(Exercise instructions) Give the lines again exactly as they appear below, from the line with "spd 300 topic" to the line with "Model wearing eyebrow", both included, and only those lines. Leave every picture out.

(Material shown)

+ + + +

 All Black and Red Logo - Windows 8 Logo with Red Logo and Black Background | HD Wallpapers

+ + + +

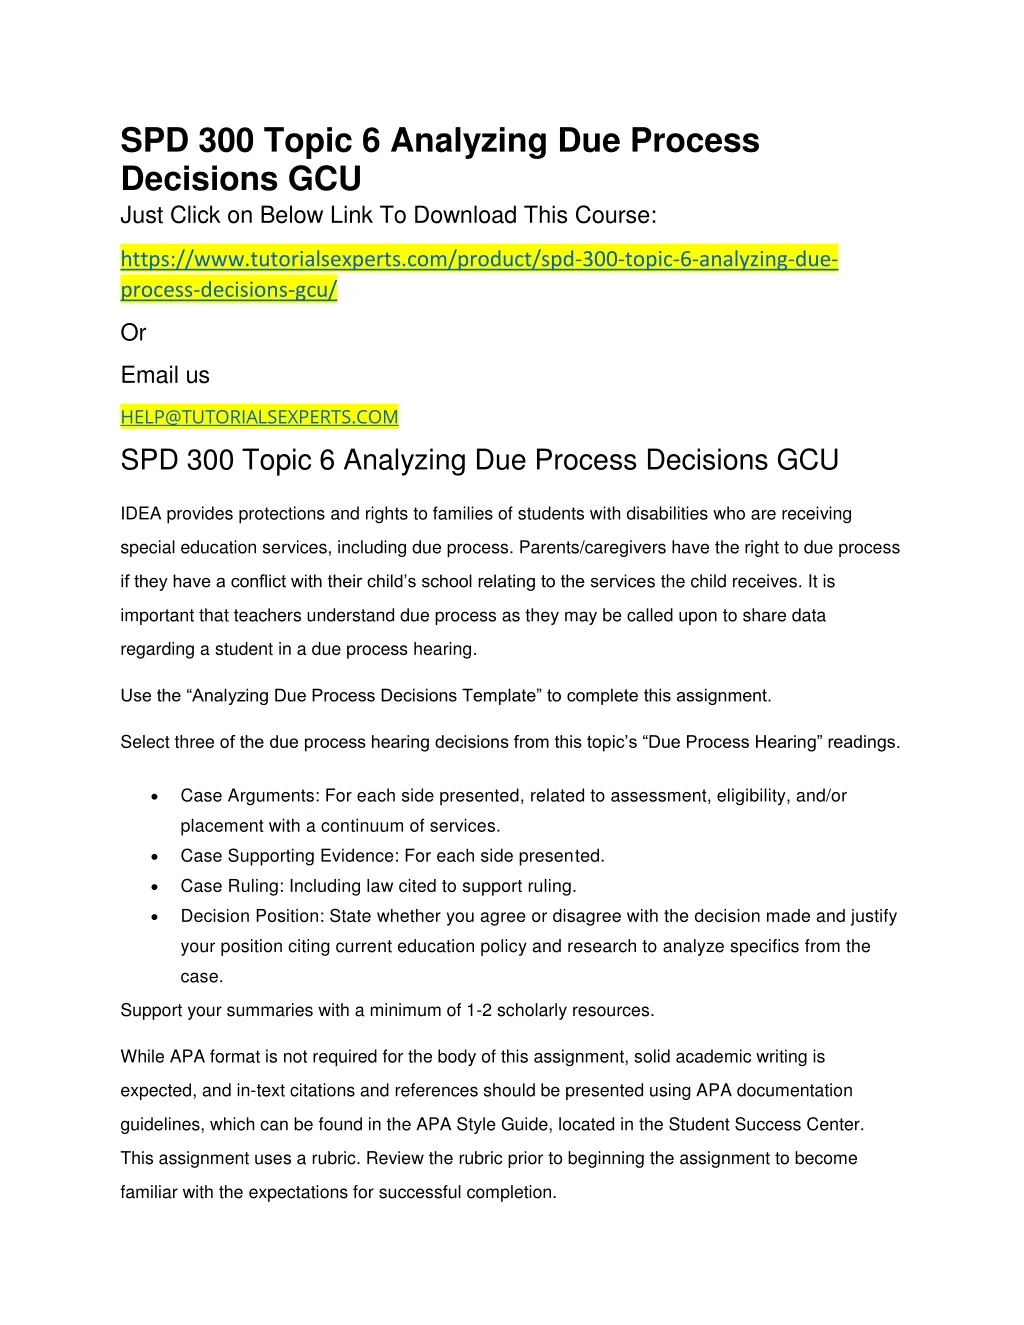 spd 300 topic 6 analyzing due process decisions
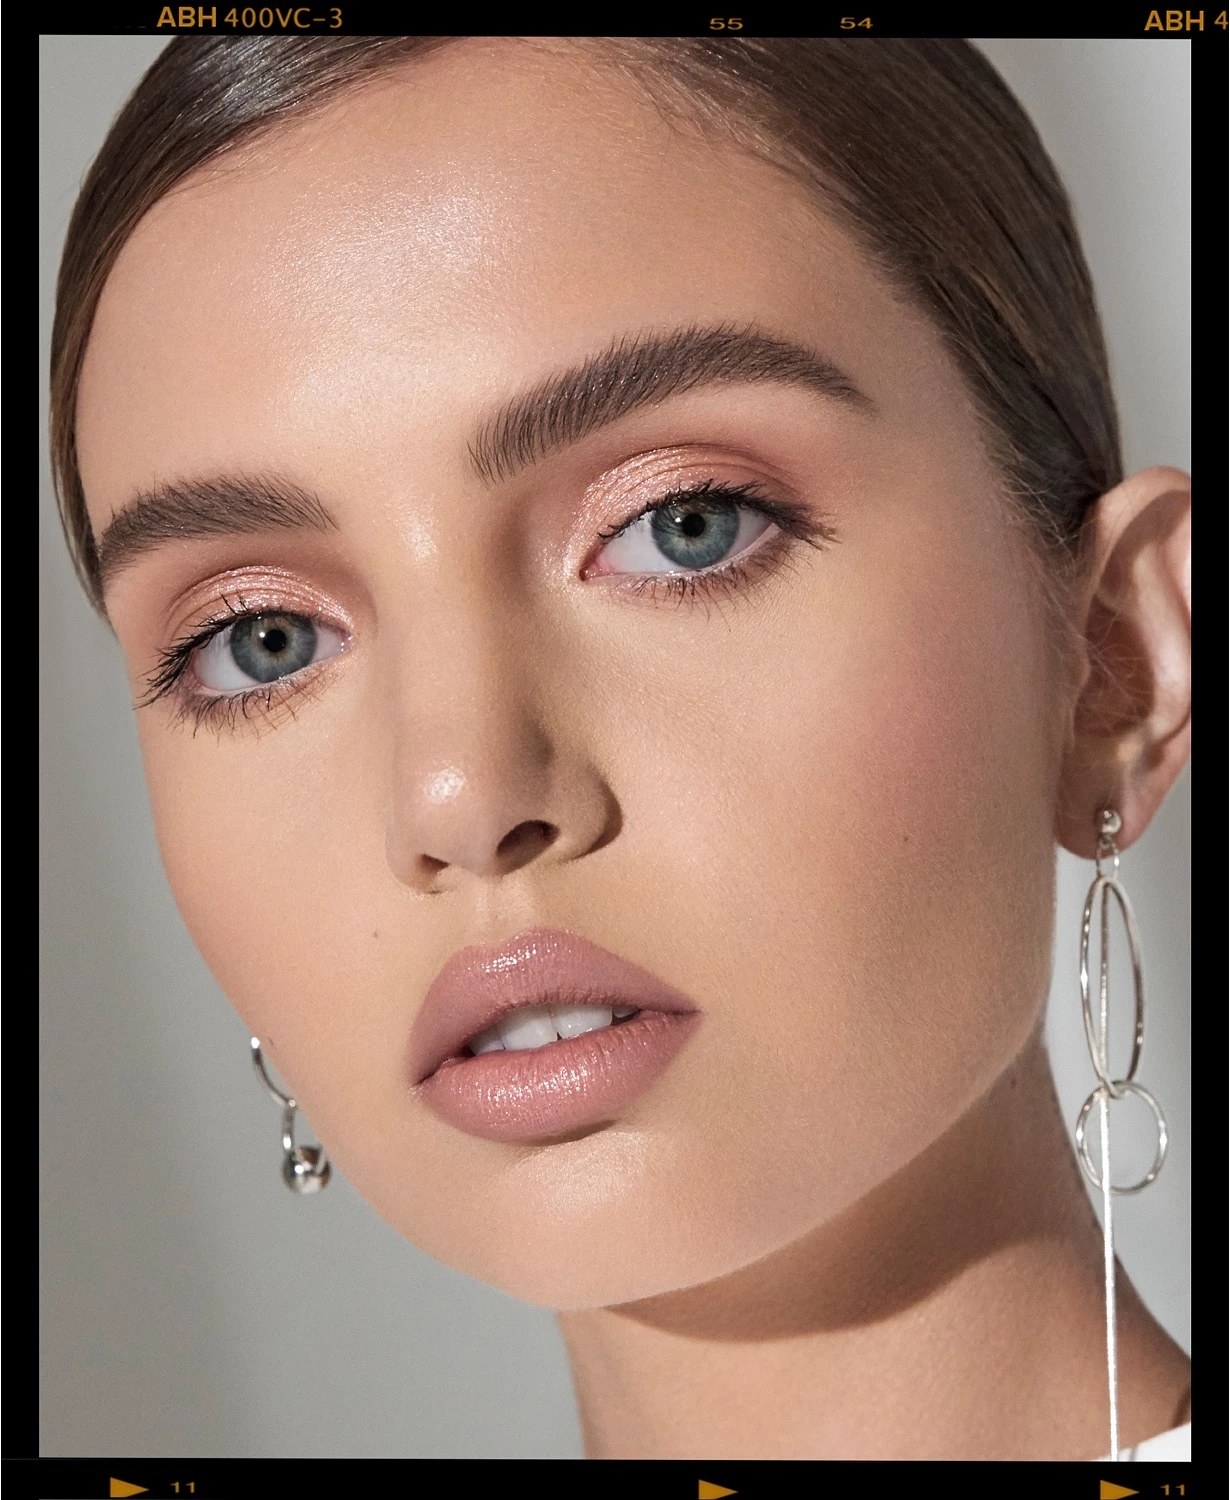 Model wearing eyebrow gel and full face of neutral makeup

+ + + +

(Response to this exercise)
 spd 300 topic 6 analyzing due process decisions
 Model wearing eyebrow gel and full face of neutral makeup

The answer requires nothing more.